Each line of data below must be printed exactly as written, with any pictures removed.
── Source data
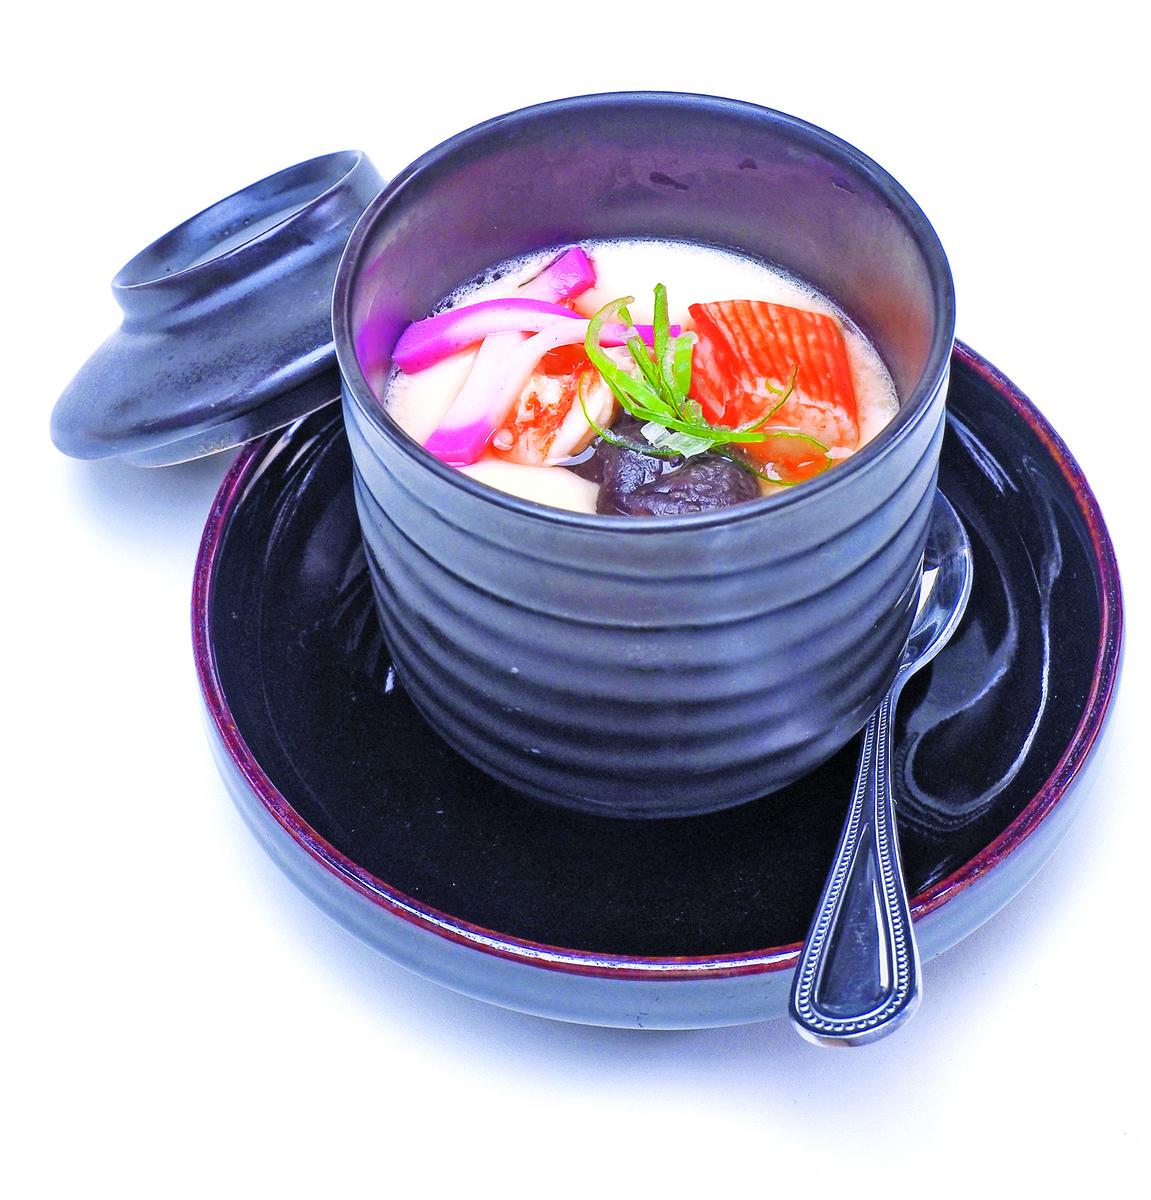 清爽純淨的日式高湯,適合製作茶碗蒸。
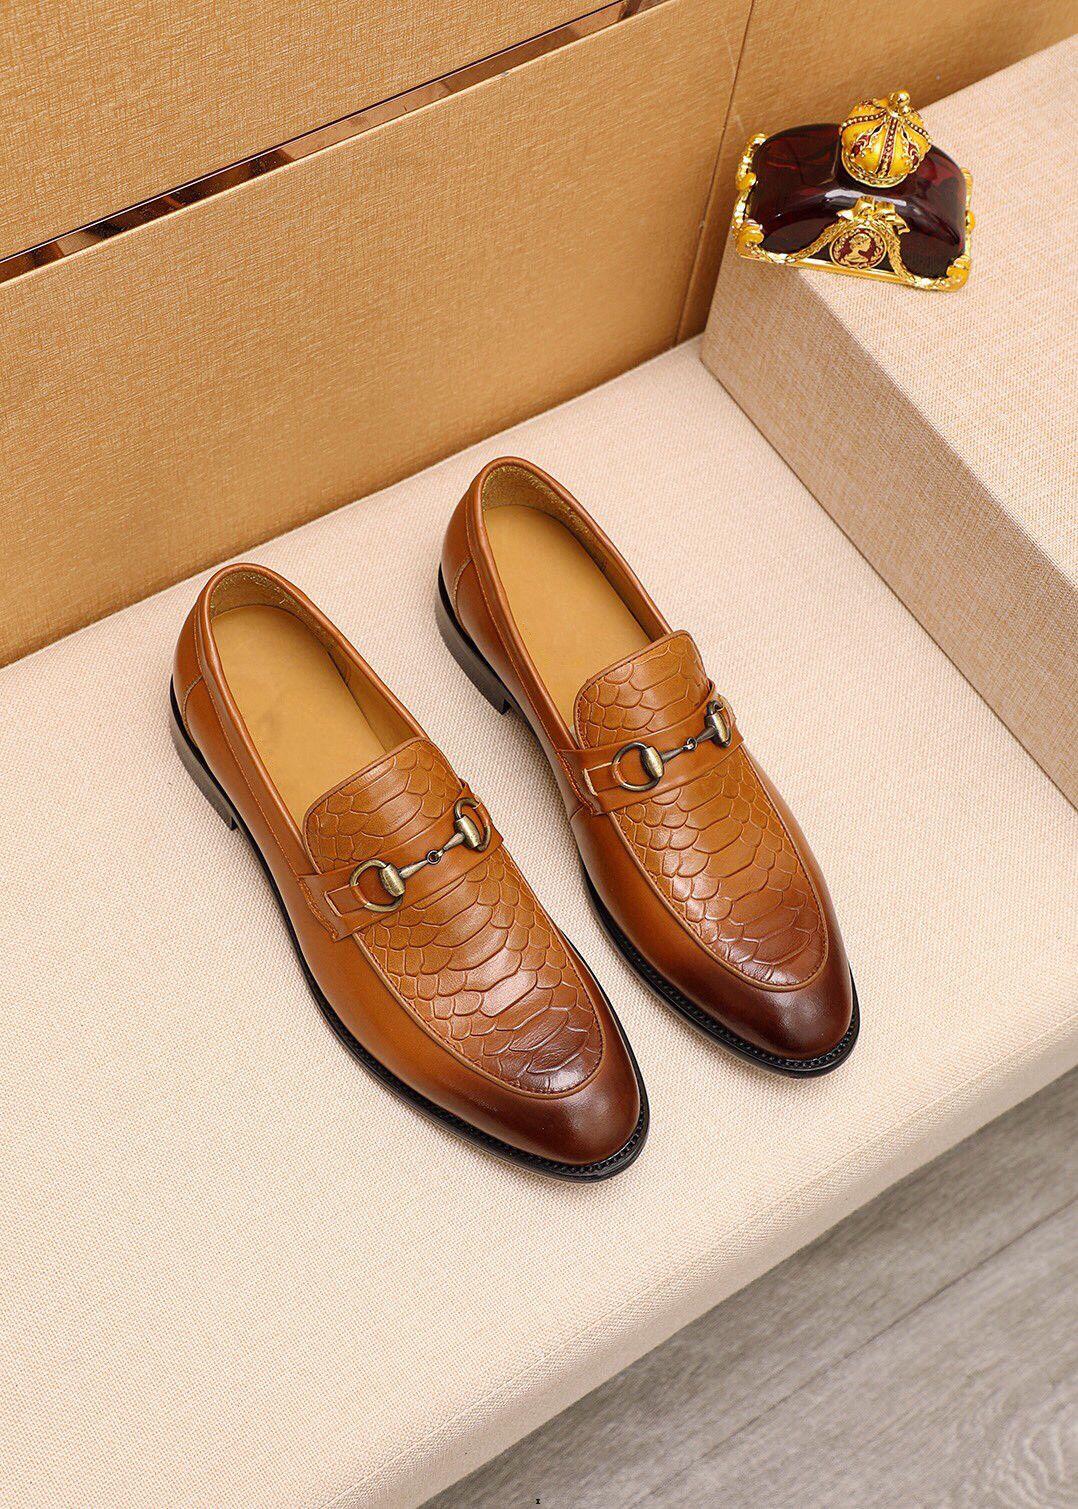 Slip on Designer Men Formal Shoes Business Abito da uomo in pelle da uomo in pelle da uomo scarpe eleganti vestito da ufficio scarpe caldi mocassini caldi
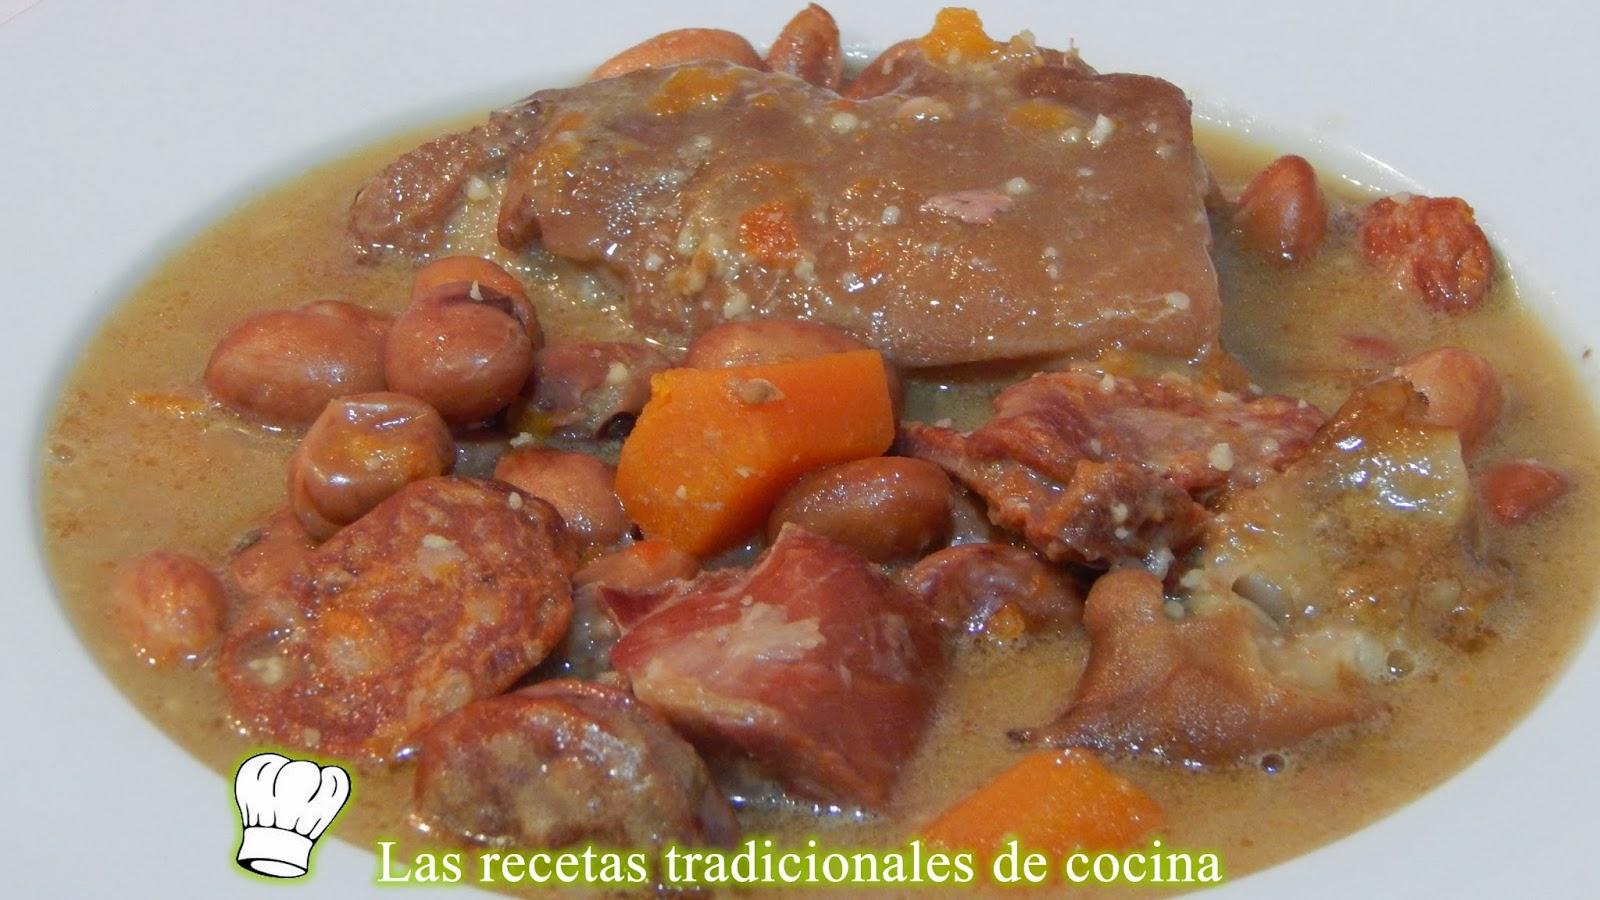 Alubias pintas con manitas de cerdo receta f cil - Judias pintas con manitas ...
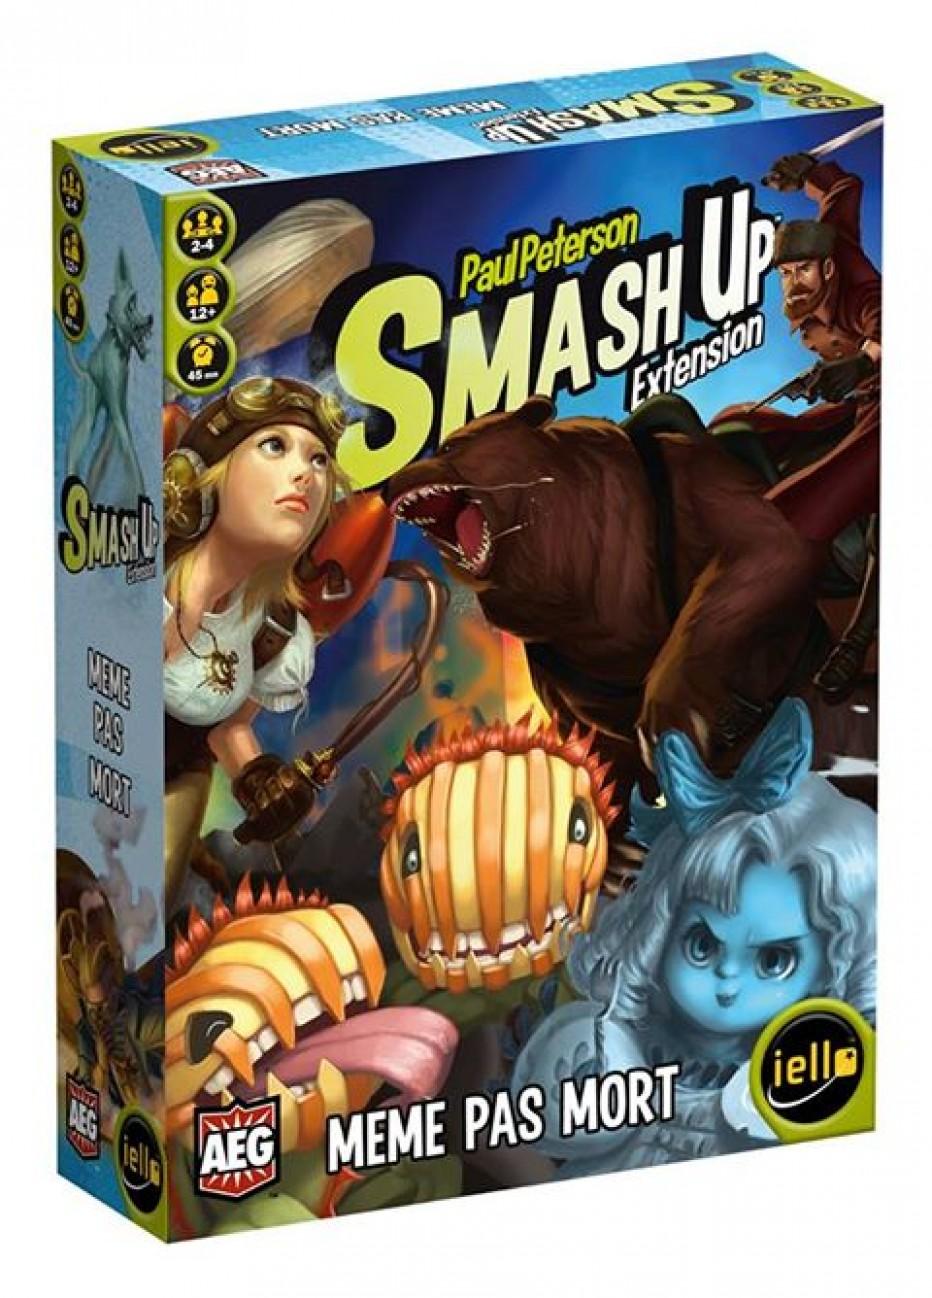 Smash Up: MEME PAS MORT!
────
# [Exercise answer]
 清爽純淨的日式高湯,適合製作茶碗蒸。
 Slip on Designer Men Formal Shoes Business Abito da uomo in pelle da uomo in pelle da uomo scarpe eleganti vestito da ufficio scarpe caldi mocassini caldi
 Alubias pintas con manitas de cerdo receta f cil - Judias pintas con manitas ...
 Smash Up: MEME PAS MORT!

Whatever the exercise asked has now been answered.